# ideas for a tank



## Ayres (Mar 27, 2006)

just wondering on ideas for what to use as a tank? as fancy something different, i know people can use a vase providing their big enough, have seen a pic of one kept in a coffee machine (looked quite cool in the kitchen)

any other ideas like this?

my house is always warm so shouldnt need to worry about a heater, 

and regular water changes are expected

so i guess only regulation is what is big enough?

lets hear your ideas

thanks


----------



## Christine (Nov 4, 2005)

I have seen a water cooler (like crystal springs type) converted to a tank.


----------



## wildtiger (Jun 8, 2005)

Might eyeball ebay...I've seen televisions turned into cool fishtanks, I've seen tanks in the sides of computers (although I don't like this idea for several different reasons). I've seen an old steamer trunk cut apart and used as a top and bottom for the tank, makes it look very pirate like. I've seen a blender used, cute idea but not big enough in my opinion. I've seen gumball machines used again cute idea but not big enough. 

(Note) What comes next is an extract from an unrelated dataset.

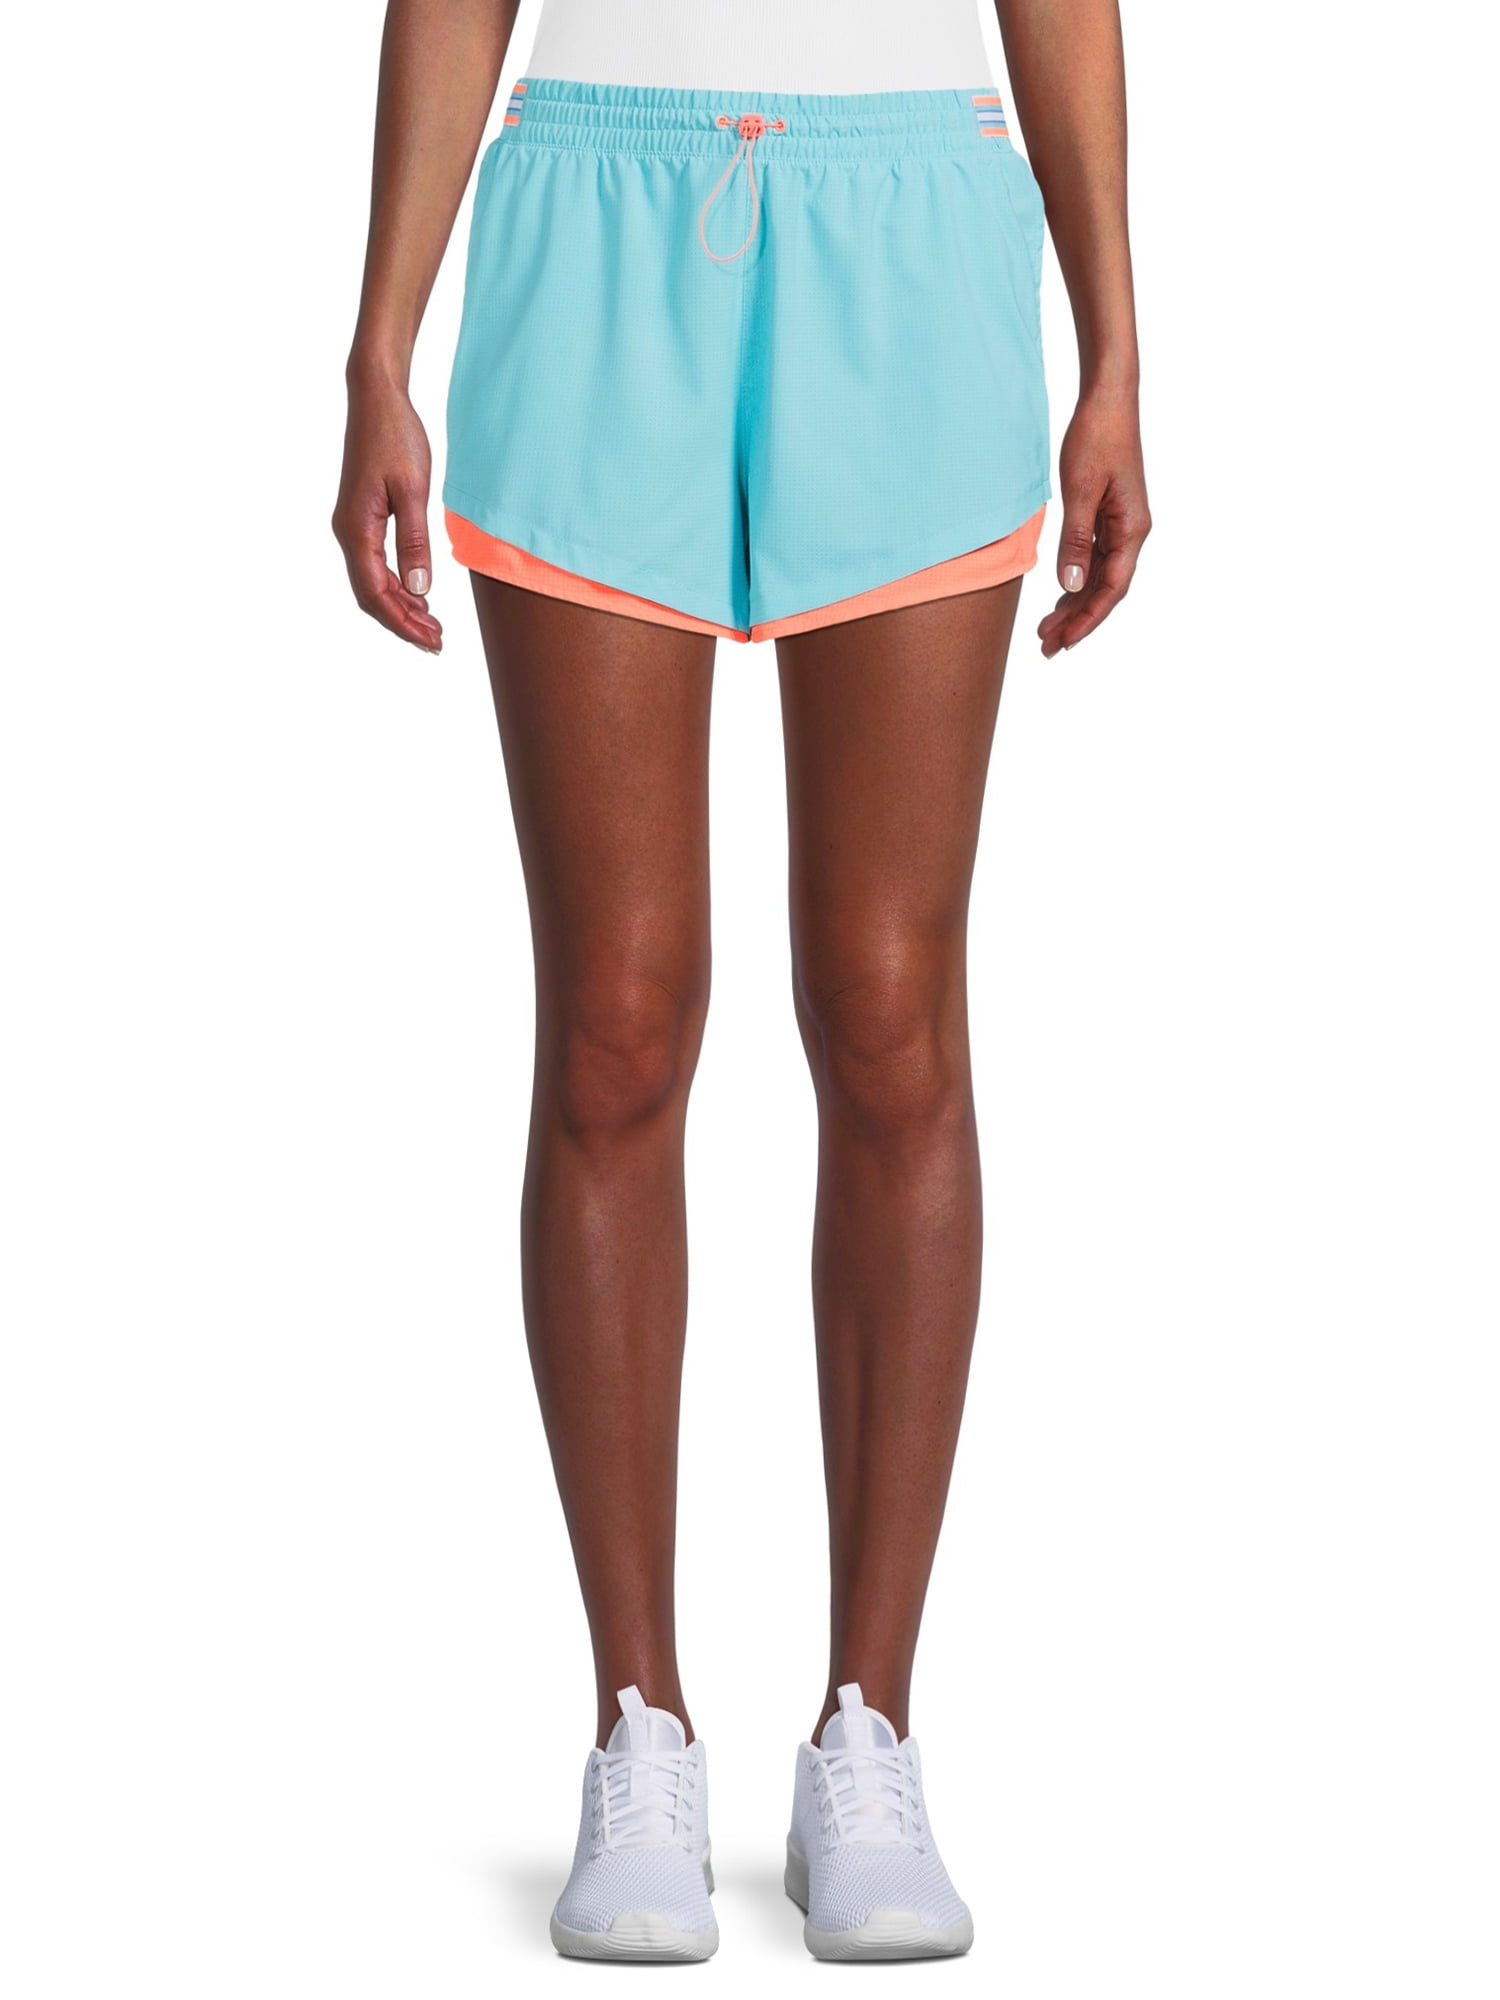 Avia Women's Active Running Shorts - Walmart.com

And last but not least rubbermaid tubs when you just don't have room for another tank.


----------



## CyberSpike (Mar 25, 2006)

Maybe one of those big old fashioned jars that people use for pickling things.


----------



## Guest (Apr 12, 2006)

i was gonna say you could gut out an old TV and turn the "screen" into a viewing area for a tank. 

Like this:
http://www.thekrib.com/Plants/People/Olson/fishtv.jpg

or this:

http://www.people.virginia.edu/~jps8d/lj/5408507662_28b.jpg

or this:

http://www.ratemyfishtank.com/images/thumbimg/650/1574_1.JPG

I imagine you could do the same thing with an old computer monitor or one of those iMac computers.

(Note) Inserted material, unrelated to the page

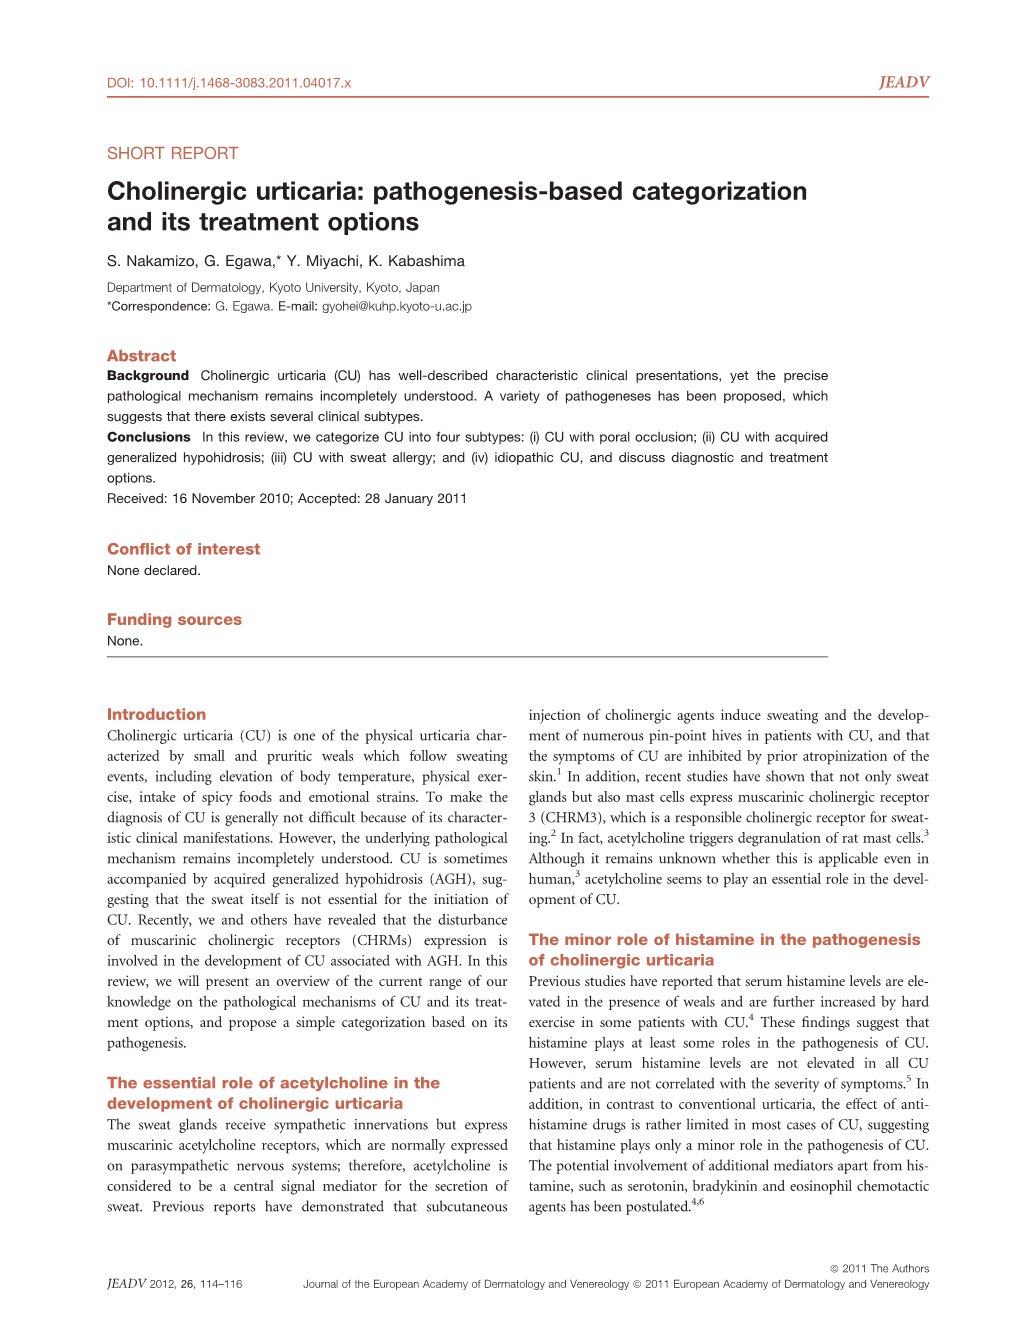 Cholinergic Urticaria: Pathogenesis-Based Categorization and Its Treatment Options

someone on here also made a guppy tank out of a cheese puffs container but i dont remember who it was...


----------



## Ayres (Mar 27, 2006)

ive seen and looked in to the tv tanks things (think i heard them called macquariums?)

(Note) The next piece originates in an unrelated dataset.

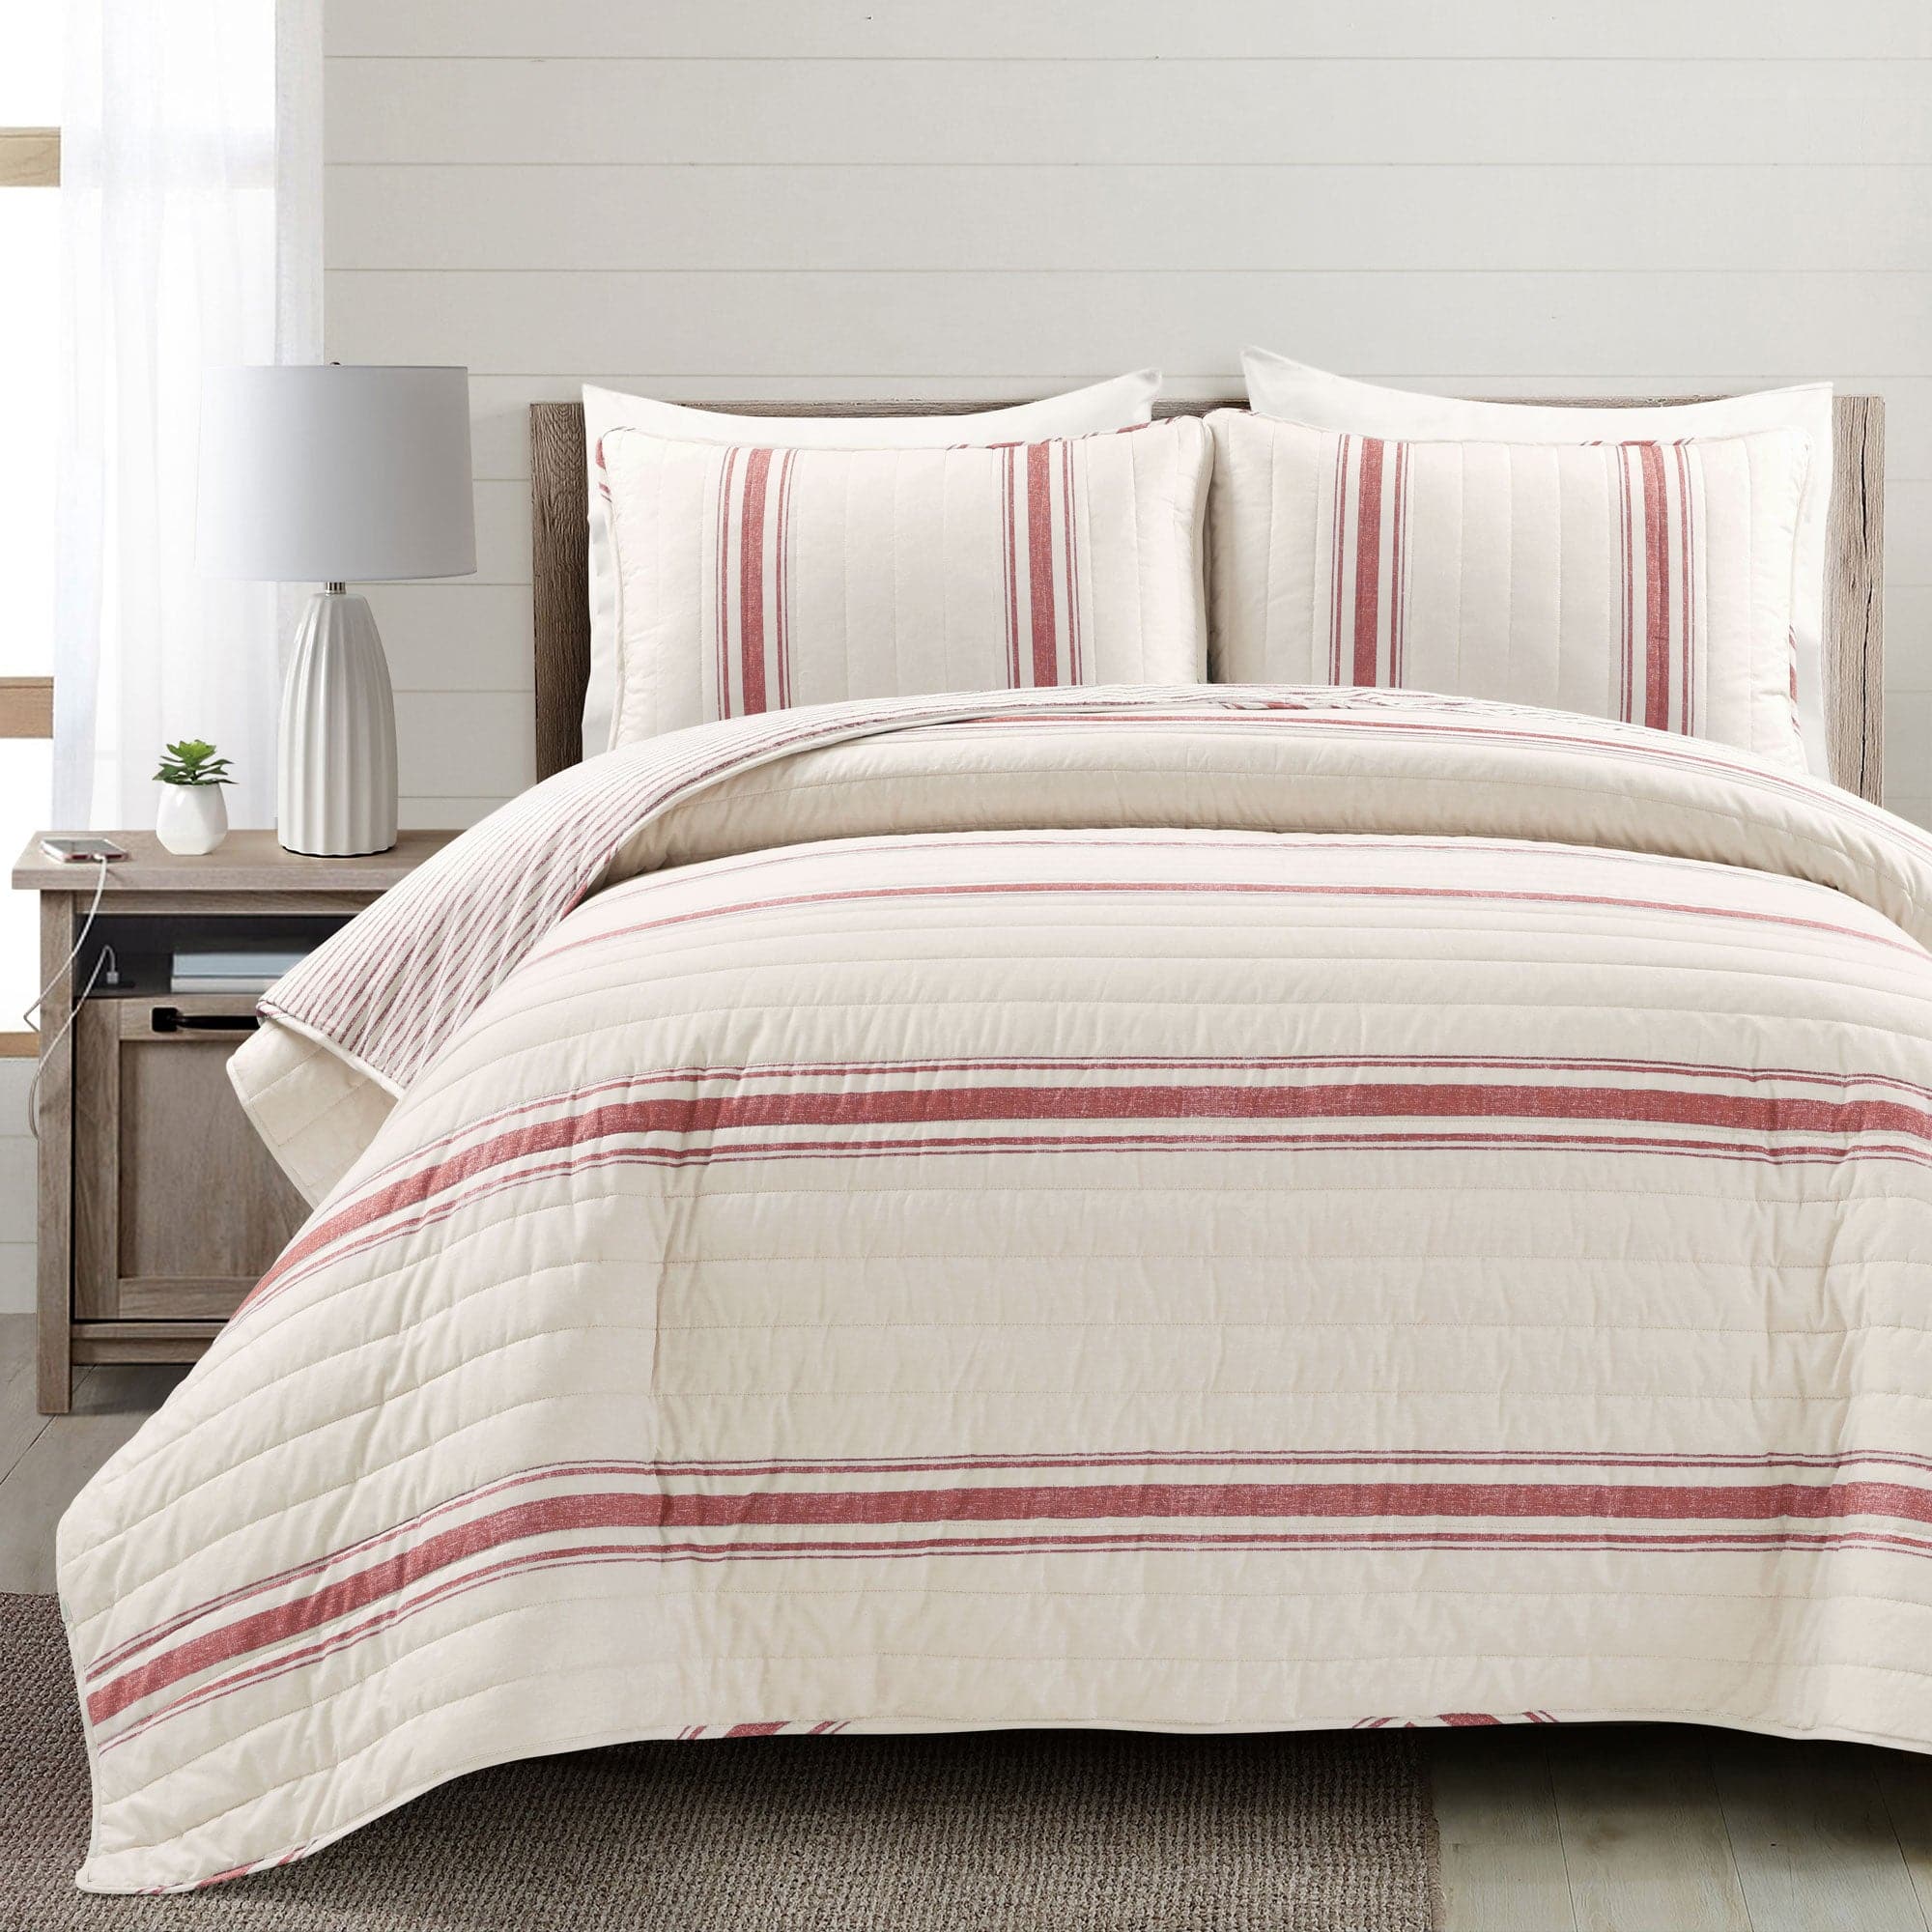 Lush Decor Farmhouse Stripe Comforter Red Set Full/Queen

they look cool but for the space they take up you dont get a very big tank.

water cooler could look cool but not sure would get a clear view of the fish?

any other ideas?

cheers


----------



## CyberSpike (Mar 25, 2006)

CyberSpike said:


> Maybe one of those big old fashioned jars that people use for pickling things.


I really stirred up my own creativity with that one. I have old, antique jars here that are in the 3/4 -1 gallon range. Filling these with a bit of light gravel, a small plant (plastic) and a colorful fish ( a betta? ) would really make an amazing decor piece.

I know alot of you would probably frown on the <1 gallon size, however it is quite roomy and I am sure that it would be a better home than the <1 liter betta bowls (with attached light) that walmart sells them in, and which the bettas are probably guaranteed to be stuck in.

Any thoughts?


----------



## batray girl (Jul 27, 2005)

i saw a toilet built so that the tank was a fish tank. i'll see if i can find the picture.


----------



## batray girl (Jul 27, 2005)

don't know who i'd feel worse for... the fish for seeing nothing but a bum all day or the "user" for having pairs of eyes watching you while you go.


----------